Der „Linke Gesprächskreis“ hat eingeladen, um gegen die große Koalition auf Bundesebene zu mobilisieren. Der Kreis ist so etwas wie die ideologische Herzkammer des linken Unterbezirks Frankfurt. Es sind etwa 60 Genossinnen und Genossen gekommen, darunter die Ex-Landesvorsitzende Andrea Ypsilanti und die Bundestagsabgeordnete Ulli Nissen. Interessant ist, wer nicht da ist: etwa SPD-Unterbezirkschef Mike Josef, der sich in der FR für die große Koalition ausgesprochen hatte. 

Nissen steht an diesem Abend auf verlorenem Posten, als einzige Befürworterin eines Regierungsbündnisses mit der CDU/CSU. Die temperamentvolle 59-Jährige müht sich nach Kräften, zählt alles Mögliche auf, was für den Koalitionsvertrag spreche: verschärfte Mietpreisbremse, 3,5 Milliarden Euro für den Kita-Ausbau, Mindestausbildungsvergütung. 

Doch das will niemand hören. Der Versammlung geht es „ums Ganze“, wie Andrea Ypsilanti sagt. „Dieser neoliberale Kapitalismus steckt in einer tiefen Krise“, analysiert die 60-Jährige. Die habe auch die Parteien erreicht. Der Koalitionsvertrag ändere nichts „an der Verteilung des Reichtums“ in Deutschland, er beschäftige sich „nur mit Reparaturen“ des kapitalistischen Systems. „Wir brauchen eine progressive linke Politik!“, ruft Ypsilanti. Großer Beifall.
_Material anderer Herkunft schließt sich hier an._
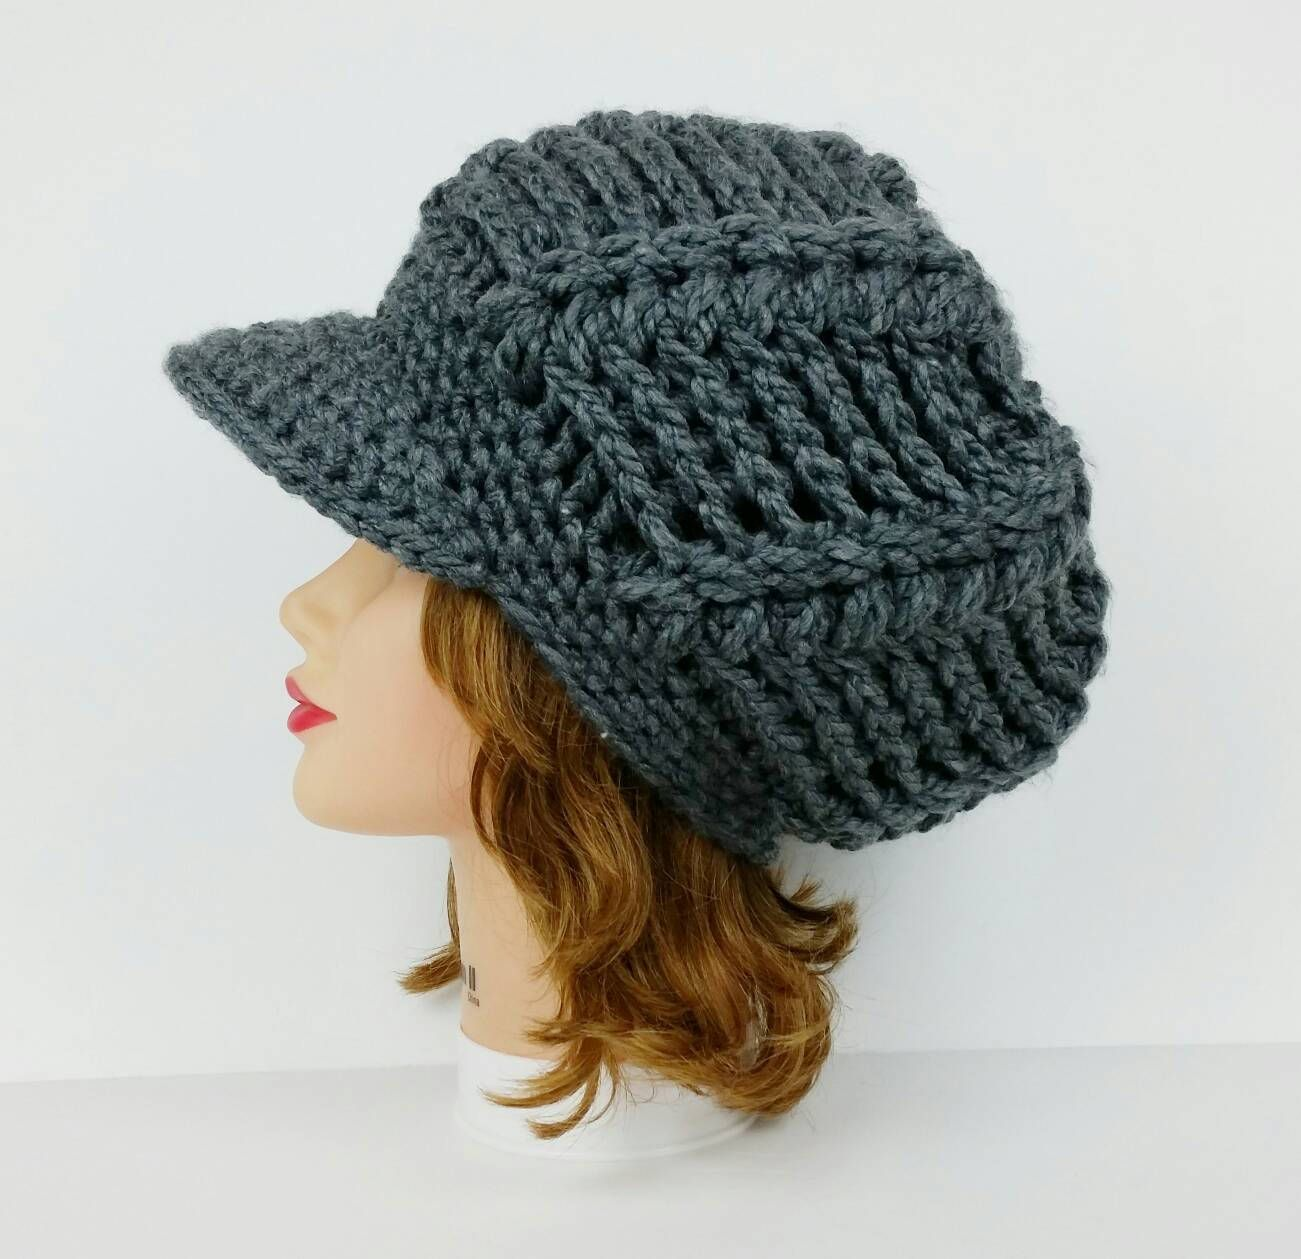 Crochet Newsboy Cap Visor Hat Chunky Beanie With Brim Etsy Crochet Hat For Women Crochet Hats Crochet

Parteiveteranen wie der 68-jährige Günther Häfner, 30 Jahre lang im Ortsbeirat 10, rechnen mit der Parteiführung in Berlin ab. „Es ist unterirdisch, wie die sich verhalten“, kritisiert Häfner und äfft den liebevollen Umgangston zwischen Martin Schulz und CSU-Chef Horst Seehofer nach: „Lieber Martin, lieber Horst.“ Auch Andrea Nahles bedeute „keine Erneuerung“. 
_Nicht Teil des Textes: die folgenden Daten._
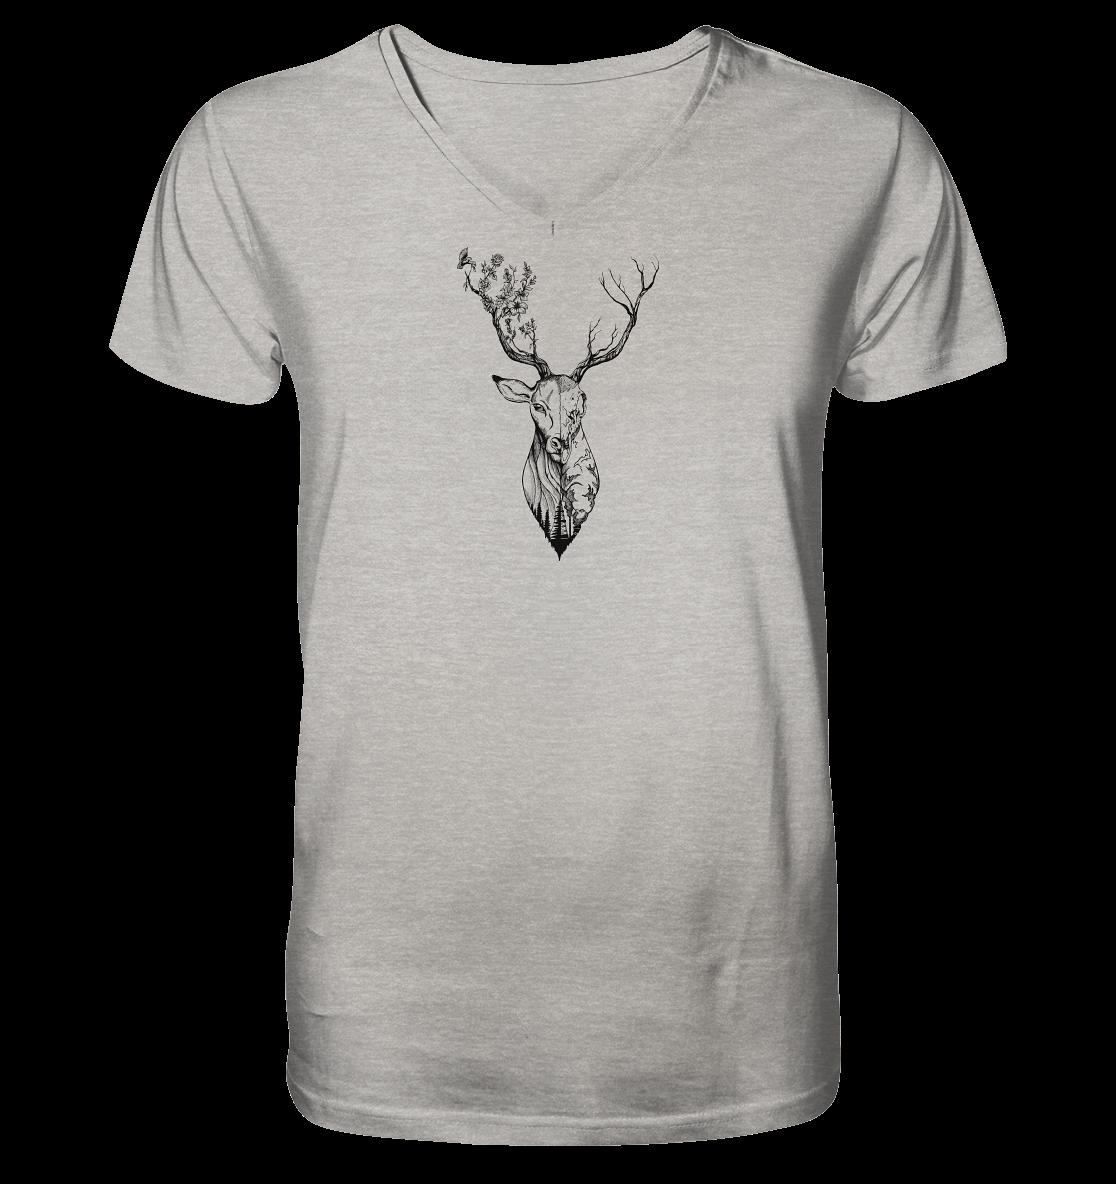 front-mens-organic-v-neck-shirt-c2c1c0-1116x-6.png

Ein anderer Genosse fragt: „Was haben wir für Leute in die Führung gewählt, so Dummbeutel?“ Der Gewerkschafter Michael Altmann von der SPD-Arbeitsgemeinschaft für Arbeitnehmerfragen nennt den Koalitionsvertrag „eine große Seifenblase“, er bringe keine wirkliche Veränderung. Ein älterer Migrant, „seit 33 Jahren Mitglied“, wirft der SPD-Spitze in Berlin vor, der Partei geschadet zu haben „mit ihrer neoliberalen Politik“. Großer Applaus. Ulli Nissen ahnt: „Ich bin in einer schwierigen Situation.“ 

Selbst ihr Appell, es existiere „eine nationalkonservative Mehrheit im Bundestag“, gegen die etwas getan werden müsse, verhallt. „Lasst euch keine Angst machen!“, ruft Günther Häfner. Noch zehn Tage bis zum Ende des SPD-Mitgliederentscheids. Im Saal wissen alle schon, wie sie abstimmen.